1. A method of connecting single fibre optical waveguides, in which a splicing element provided with a centring guidance groove is positioned between two clamping devices, said method comprising clamping a respective single fibre optical waveguide in each said clamping device to extend at an acute angle to the base of said splicing element, causing relative movement between said clamping devices and said splicing element to bring respective ends of said waveguides into the centring groove of the splicing element, moving said two ends together by relative movement of said clamping devices towards each other, bending said waveguides at their ends to cause them to lie completely in contact with the walls of the centring groove for the purpose of axial alignment, and subsequently joining said ends whilst the two waveguides have their respective ends positively aligned to one another.

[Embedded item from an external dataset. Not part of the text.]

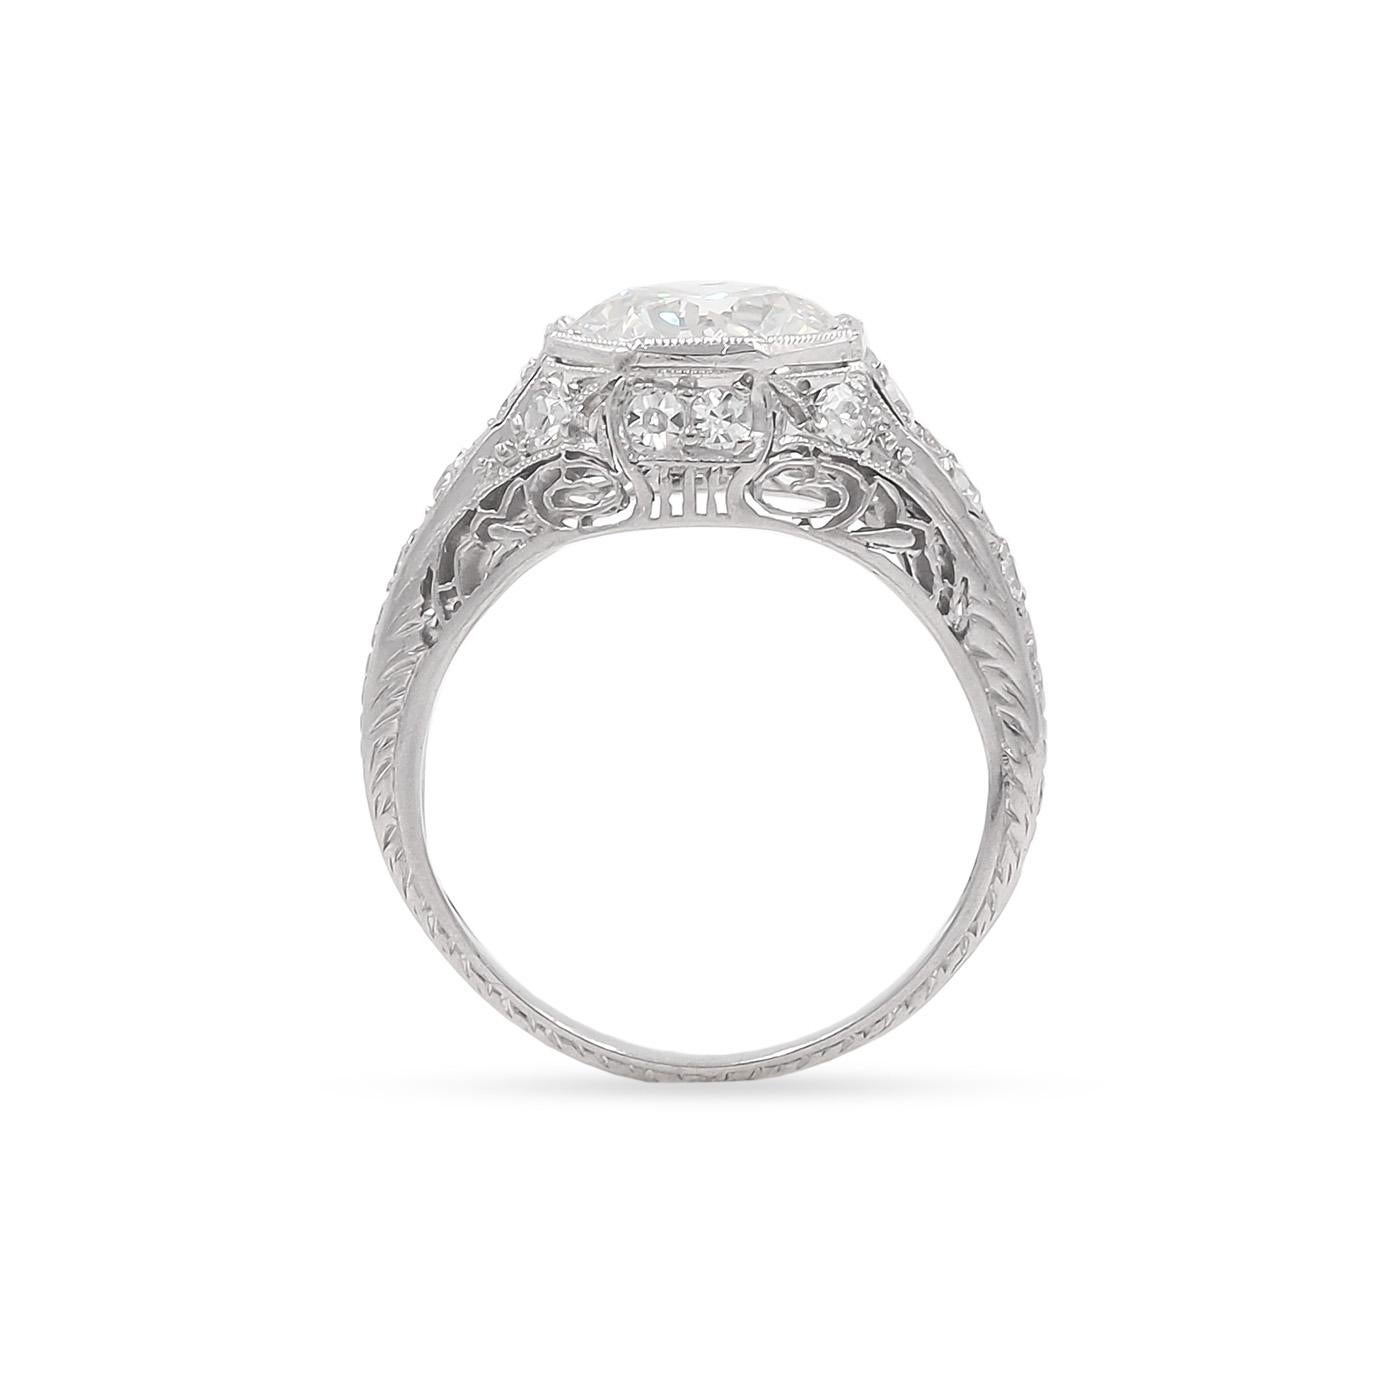 Round Cut Art Deco 1.97 Carat GIA Certified Transitional Cut Diamond Engagement Ring For Sale

2. A method as claimed in Claim 1, in which said waveguides are positioned in said groove of the splicing element by lowering said clamping devices.

3. A method as claimed in Claim 1, in which said waveguides are positioned in said groove of the splicing element by raising the splicing element.

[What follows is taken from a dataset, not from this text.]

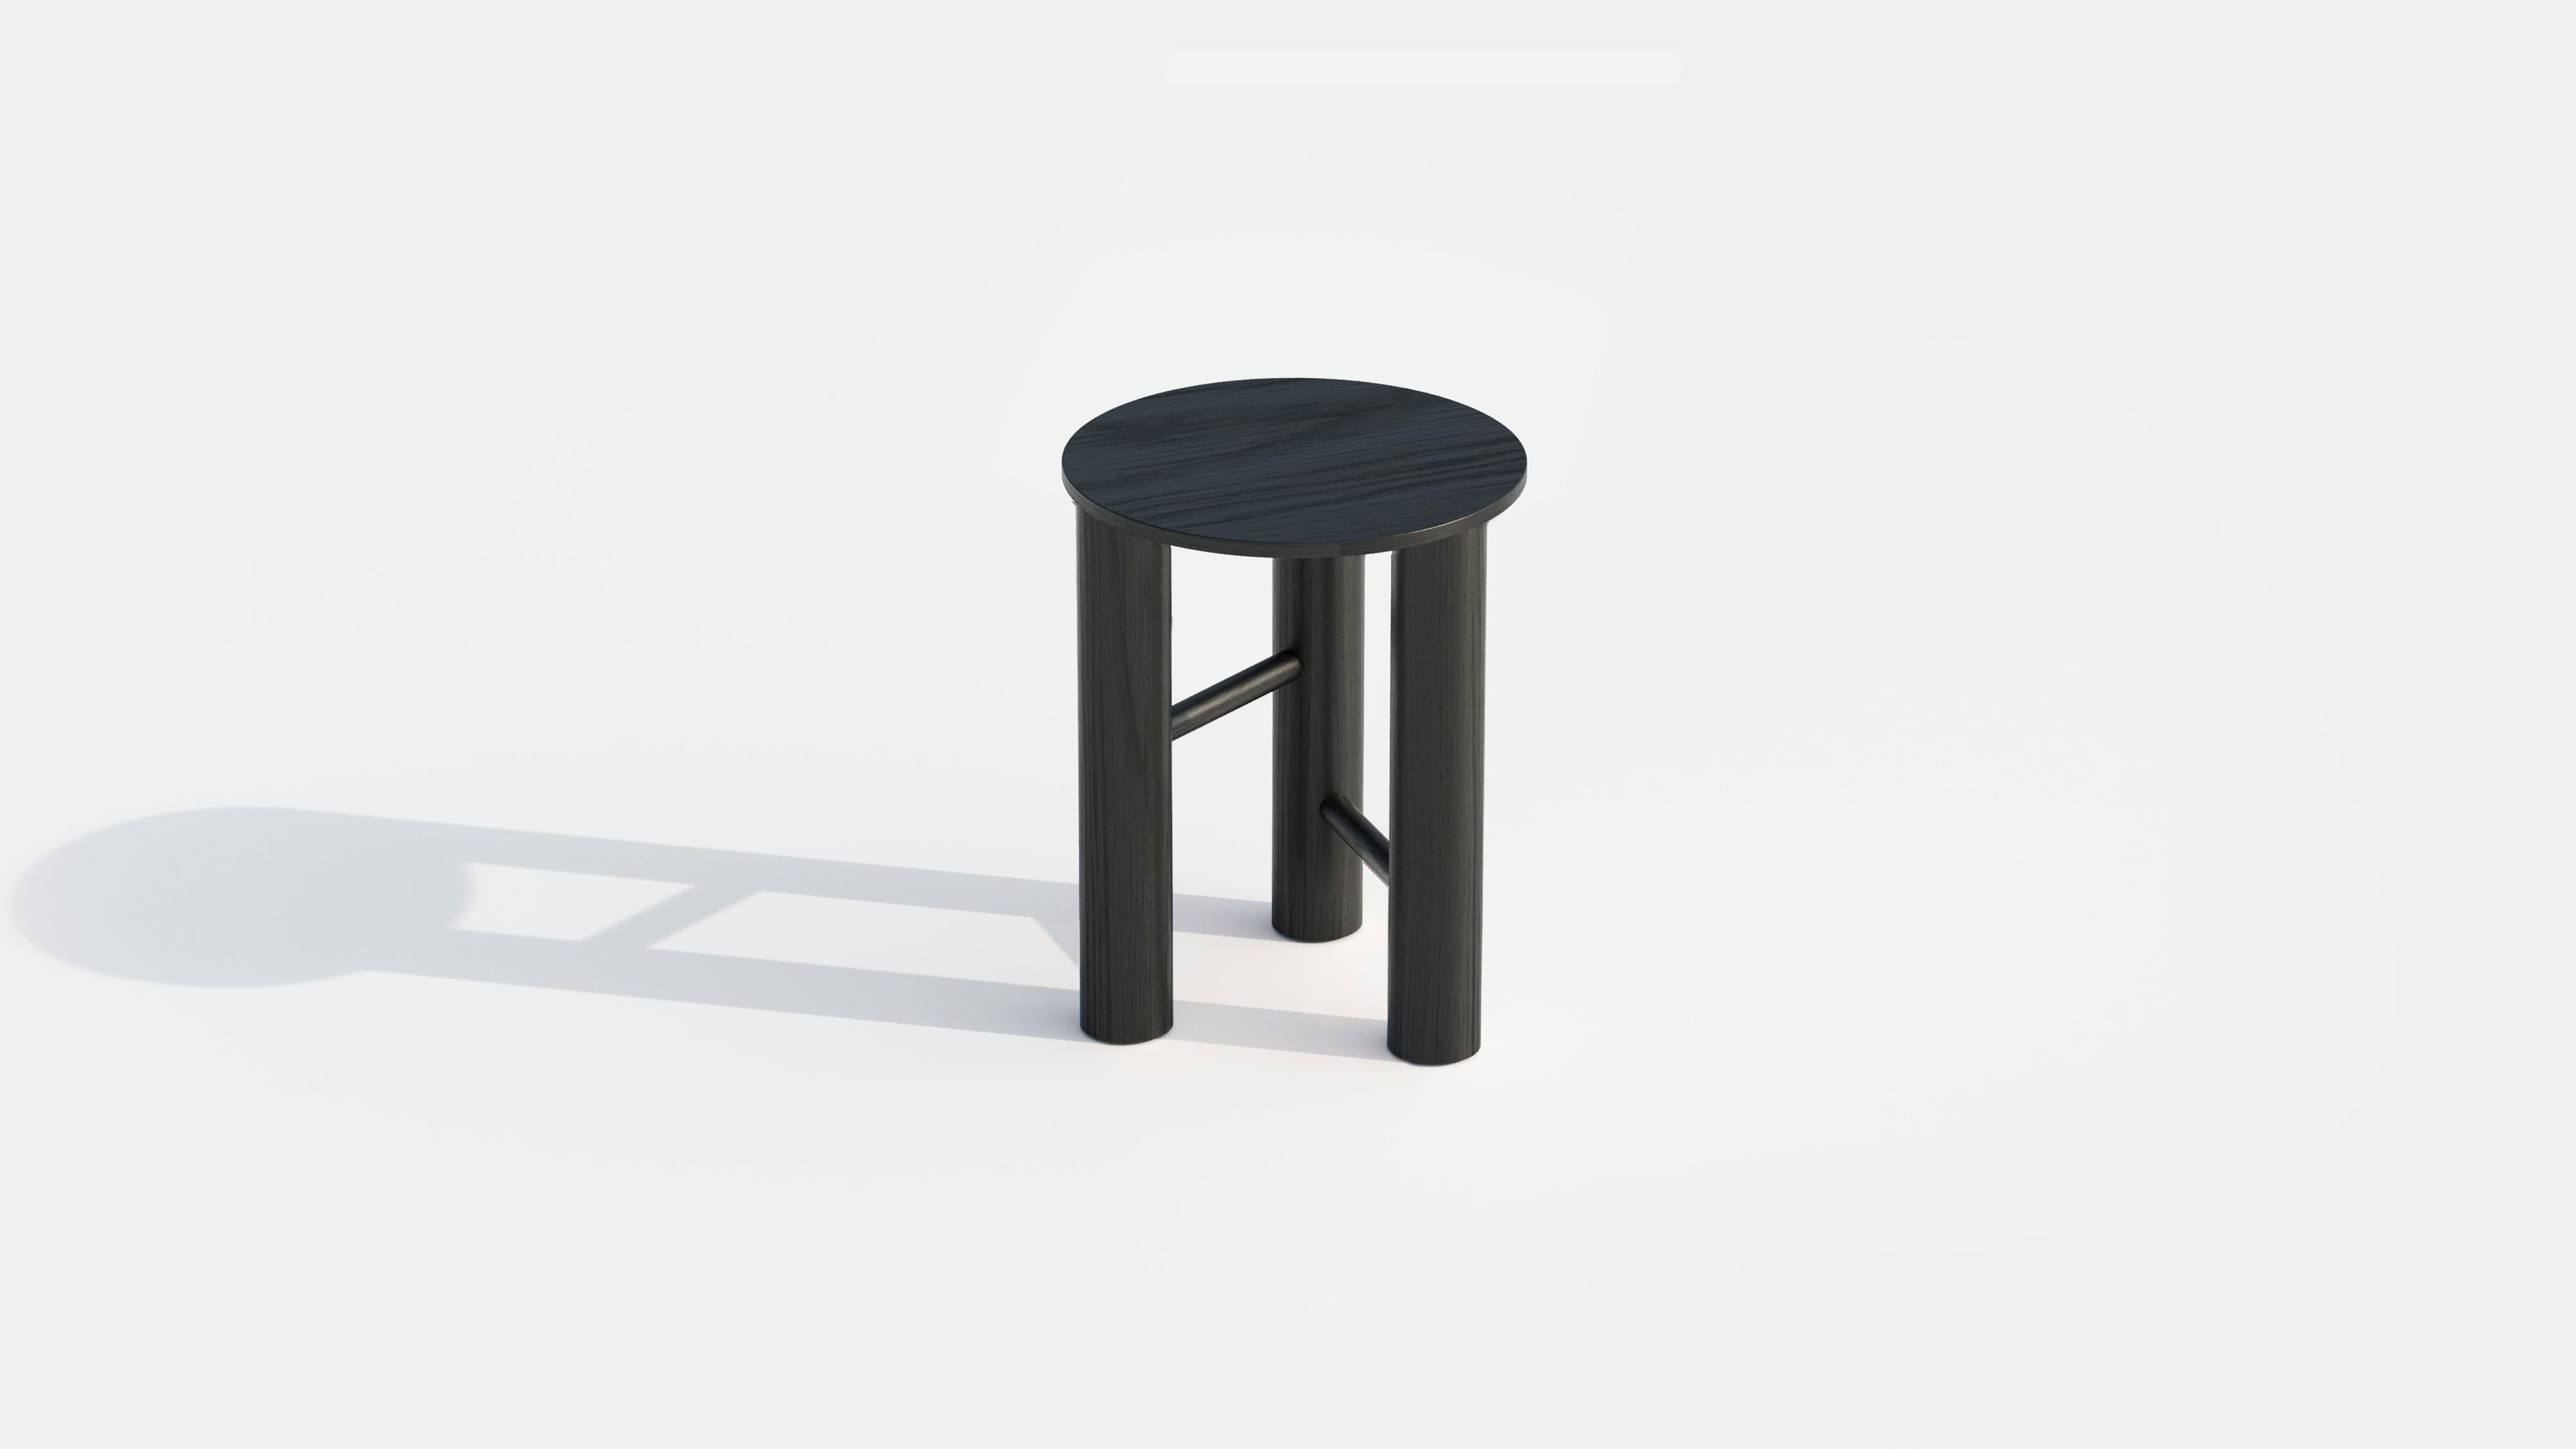 The LAD stool is crafted entirely from solid red oak covered with a clear matte lacquer. This unique stool captures the essence of local craftsmanship in Quebec. LAD is a versatile masterpiece with three legs, available in two heights - 2164 inches

4. A method as claimed in any preceding Claim, in which said ends of said waveguides are stripped of any covering by a device prior to cutting them to the required length after the waveguides have been clamped in said clamping devices.

5. A method as claimed in any preceding Claim, in which said ends of said waveguides are cut to the required lengths by

a fibre-breaker equipment prior to insertion into the centring groove of the splicing element after being clamped in said clamping devices.

6. A method of connecting single fibre optical waveguides substantially as described with reference to Figures 1 to 4 and any one of Figures 5 to 10.

7. Apparatus for performing the method as claimed in Claim 1, comprising a splicing element positioned between two clamping devices provided with means for gripping respective waveguides with their ends projecting towards said splicing element, means for effecting relative movement on parallel paths between said clamping devices and said splicing element, means for moving said clamping devices towards one another, means for bending said waveguides adjacent their ends to lie in contact with the walls of a guide groove in said splicing element, and means for joining said ends whilst said waveguides are thus positively aligned.

8. Apparatus as claimed in Claim 7, in which a dosing equipment is provided for adhesives for the joining of the waveguides in the groove of the splicing element.

9. Apparatus as claimed in Claim 7 or Claim 8, in which a pressure plate provides said means for bending said waveguides in the groove of the splice element

10. Apparatus as claimed in any one of Claims 7 to 9, in which a magazine is provided for the automatic supply of splicing elements.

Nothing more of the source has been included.